Obama Names Heads Of Pentagon, Treasury Transition Teams

November 13, 2008 7:57 a.m. EST


 
Kris Alingod - AHN Contributor

Washington, D.C. (AHN) - President-elect Barack Obama is sending out top members of his transition team for a thorough review of the government's departments and agencies so his administration can immediately begin implementing policies once he is sworn into office.

Obama's Agency Review Team will begin studying what kind of bureaucracy it will inherit starting at the end of the week. The review, which will include the White House, will "provide the President-elect, Vice President-elect, and key advisors with information needed to make strategic policy, budgetary, and personnel decisions prior to the inauguration," the Obama transition team said in a statement.

The team will be assisted by an Agency Review Working Group, which will manage and review the team's work and coordinate with other transition teams, such as those responsible for personnel, policy and the budget.

Reflecting the nation's woes - wars in Afghanistan and Iraq, the worst credit crisis since the Great Depression and an increasingly dire outlook for the auto industry - Obama's first decisions about his agency review concerned the heads of his Defense, State and Treasury department transition teams.

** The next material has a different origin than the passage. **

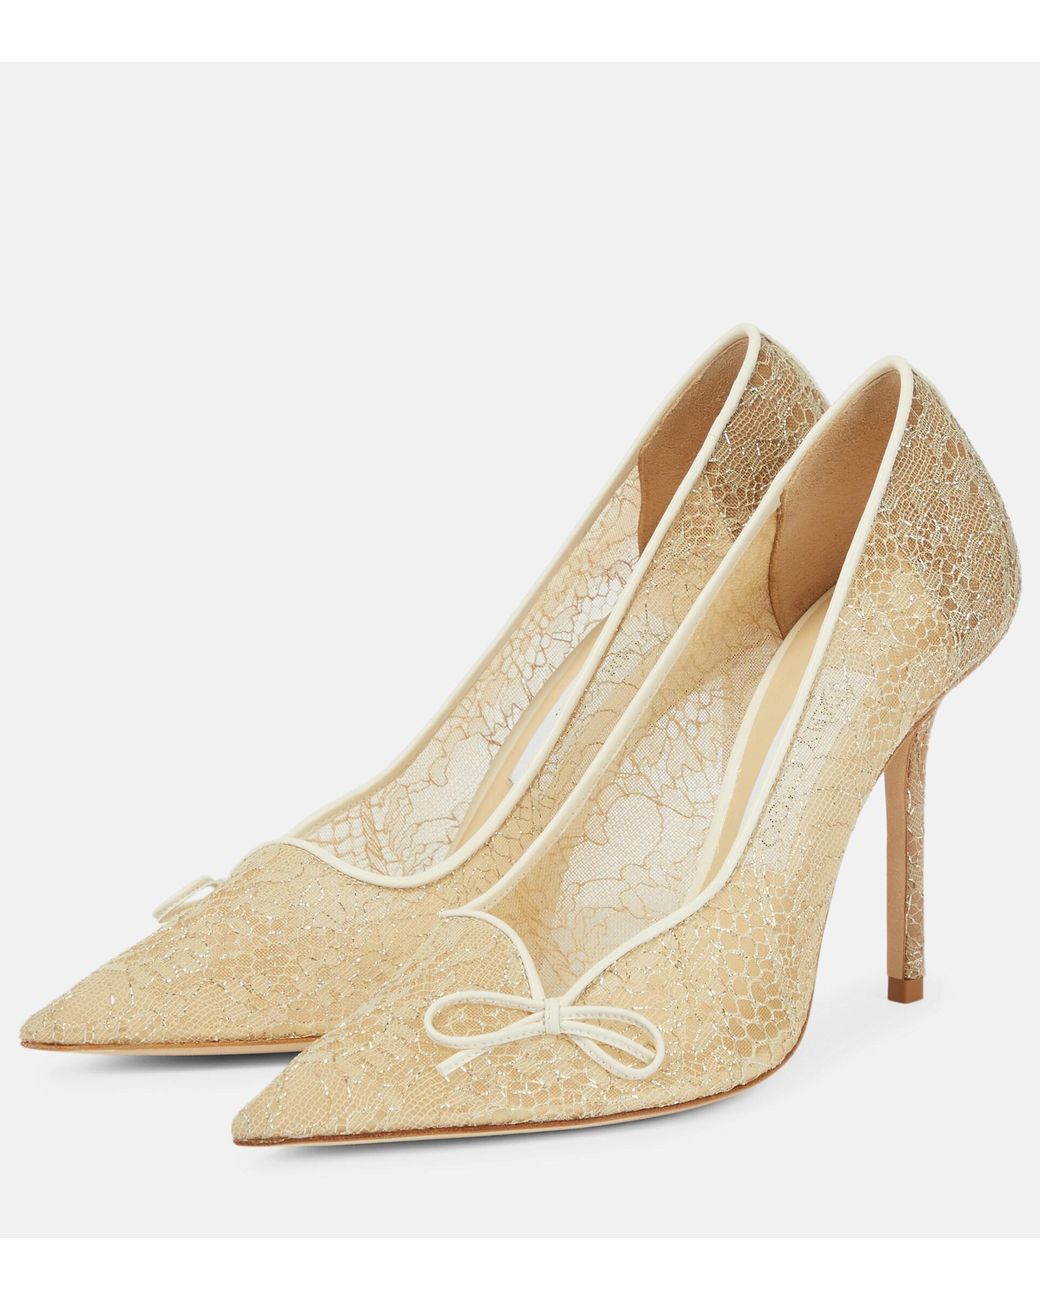 Jimmy Choo Cibelle 100 Lace Pumps in Natural | Lyst

Two former Clinton administration officials will lead the review of the Pentagon: John White, chair of the Kennedy School Middle East Initiative at Harvard University, deputy secretary of Defense from 1995 to 1997, and Marine Corps. veteran; Michele Flournoy, who is president of Washington, D.C.-based think-tank Center for a New American Security, member of the executive board of Women in International Security, and was simultaneously principal deputy assistant secretary of Defense for Strategy and Threat Reduction and deputy assistant secretary of Defense for Strategy under former President Bill Clinton.

The State department review will be led by Tom Donilon and Wendy Sherman. Donilon served as assistant secretary of State for Public Affairs and chief of staff at the State department during the Clinton administration. He is a partner at the law firm of O'Melveny & Myers and a member of the Council on Foreign Relations.

Sherman was counselor of the State department, with rank of ambassador, and policy coordinator on North Korea and special advisor to the president under Clinton. She was recently appointed by Congress to serve on the Commission on the Prevention of Weapons of Mass Destruction Proliferation and Terrorism.

Josh Gotbaum and Michael Warren will head the transition in the Treasury department. Gotbaum currently serves as an advisor to investment funds, with a special focus on restructurings and management turnaround. From1994-2001, he worked in the Defense and Treasury departments, as well as in the Office of Management and Budget, a group that oversees the activities of federal agencies.

Warren has worked at the White House as executive director of the president's National Economic Council. He previously worked at McKinsey & Company, as a strategic consultant in the technology and financial institutions industries and as a fellow of the McKinsey Global Institute.

Obama has not announced his decision for Cabinet members. He is reportedly leaning towards keeping Defense Sec. Robert Gates in the first months of his presidency. For the Treasury post, billionaire investor and Berkshire Hathaway CEO Warren Buffett, former Clinton Treasury Sec. Lawrence Summers, former Federal Reserve chair Paul Volker and have all been floated as potential appointees. Buffett, Summers and Volcker are all members of Obama's economic transition team.

Obama's announcement of the leaders of his agency review was made the same day he issued a statement saying reports that former Georgia Sen. Sam Nunn and former secretary of state Warren Christopher have been tapped to help with the transition in the Defense and State departments were inaccurate.

The AP said in a report on Wednesday that Nunn would lead the Obama transition team in the Defense department. It added that Christopher would advice the president-elect on his transition in the State department.

But Obama-Biden transition team spokesperson Stephanie Cutter said in a statement there was "misinformation" in the report. She said Nunn "will play an informal senior advisor role throughout the defense transition process," but cautiously added that the former senator's "expertise... will be invaluable to ensure a smooth transition."

On Christopher, Cutter said while he is "deeply respected" across the nation and in the international community, he will have no role in the transfer of power.

The presidential transition ends on Jan. 20, 2009 when Obama, the first Democrat to win more than 51 percent of the popular vote since 1964, is sworn in as the 44th U.S. president at the west front of the Capitol.